New Plant on the Block The saga of an uncommon morning-glory by Sheryl Smith-Rodgers AS A TEX AS MASTER NATUR ALIST, I HAVE A KEEN EYE FOR NATIVE PLANTS. So when a tiny flower caught my attention last November, I stooped down for a closer look. Little did I know that my curiosity would set a botanic ball into motion and ultimately help to preserve a little-known native plant. Flowers bloom every spring in a vacant lot adjacent to Trinity Lutheran Church in Blanco, Texas, where I live. When I heard the lot was targeted to be paved over, I asked Pastor Dayna Leggett if we could dig up plants, specifically non-native grape hyacinth (Muscari botryoides).

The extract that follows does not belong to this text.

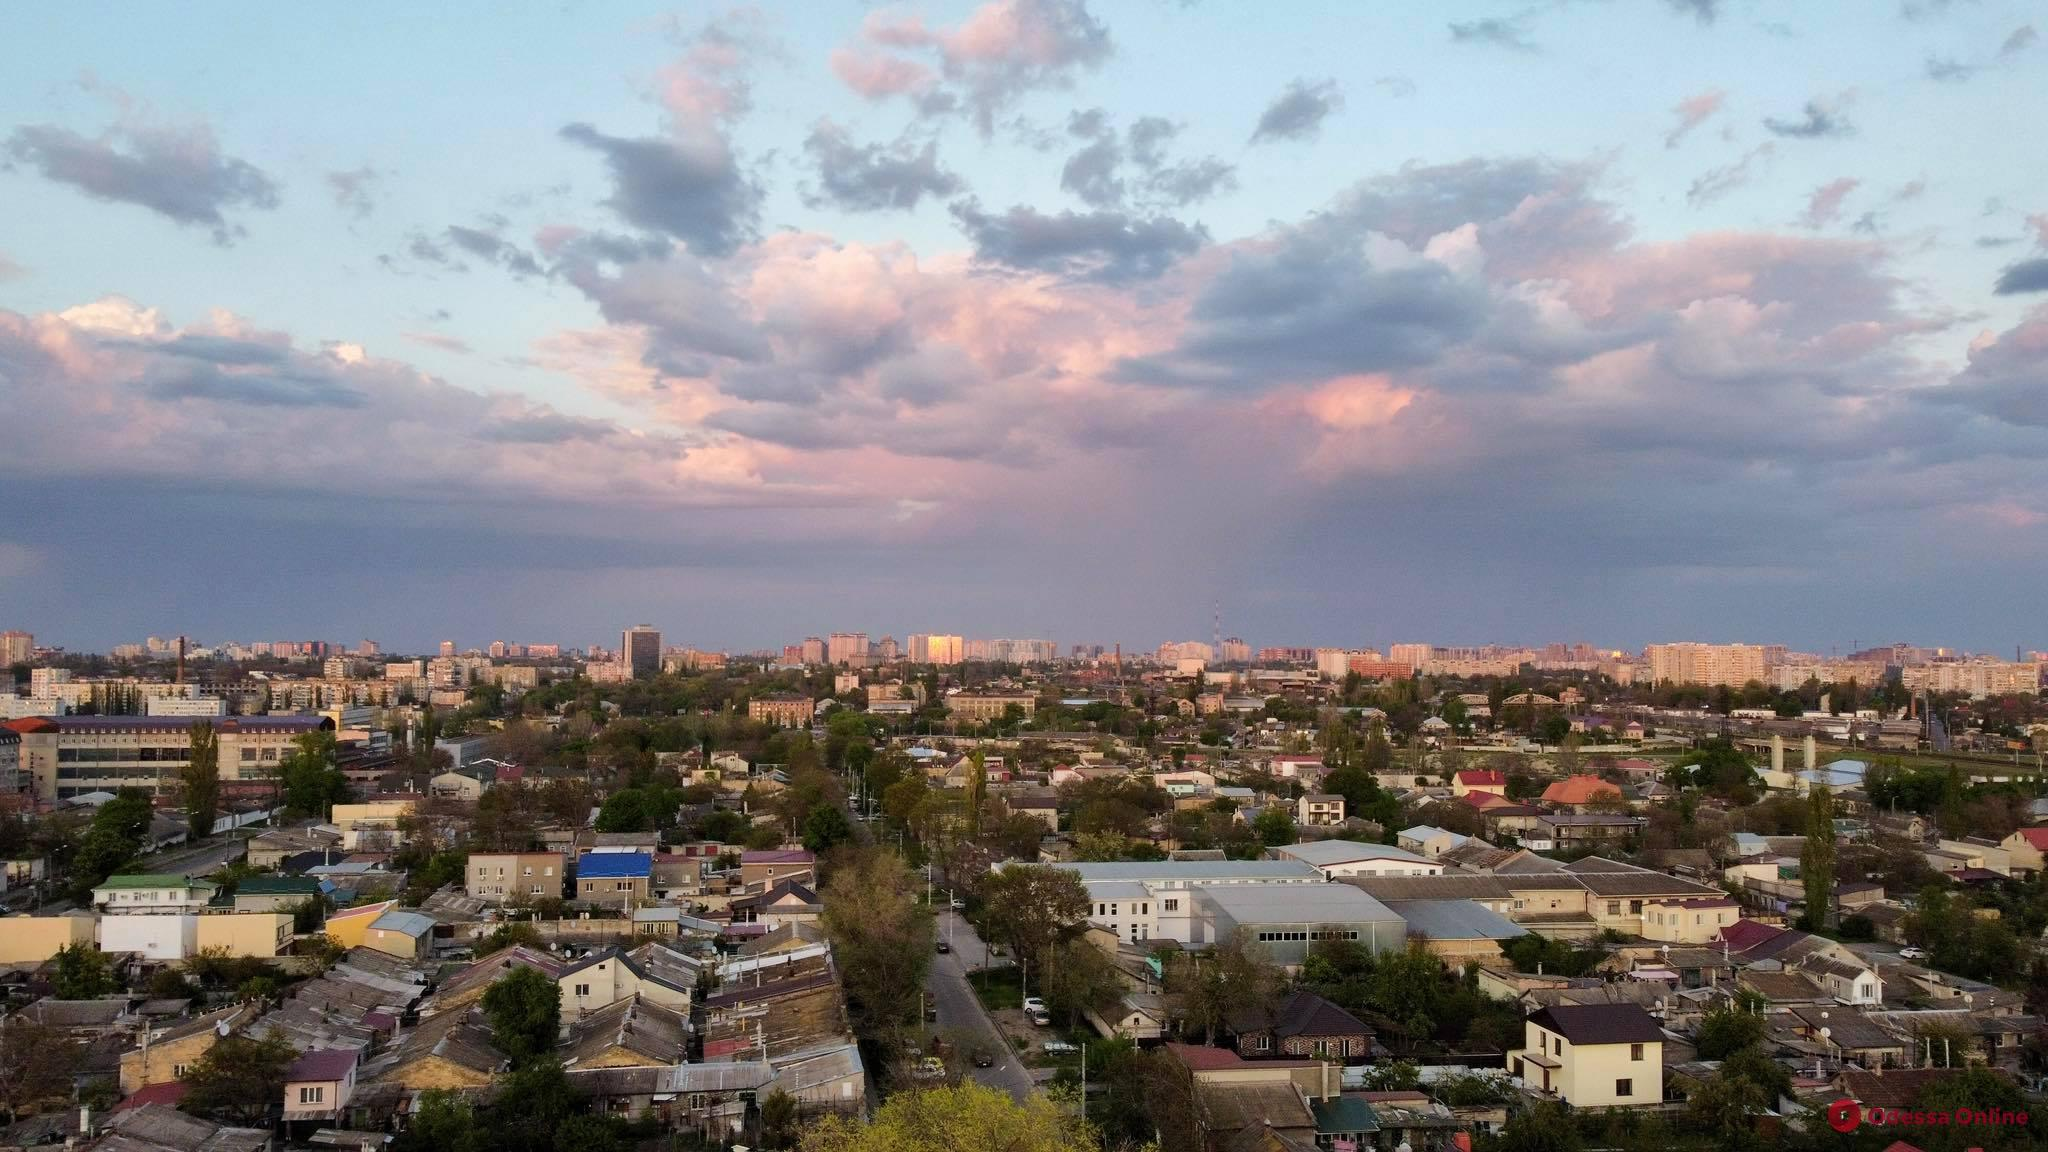 Мониторинг состояния воздуха: в Одессе незначительно превышена предельно допустимая концентрация загрязнения

I knew they grew there because I’d seen their blue bunch-flowers the previous spring. Before we met up, I scouted the lot for any native plants we might rescue too. My survey turned up prairie verbena (Glandularia bipinnatifida), littleleaf sensitive briar (Mimosa microphylla), buffalo bur (Solanum rostratum) and a mystery vine with pea-sized white blooms.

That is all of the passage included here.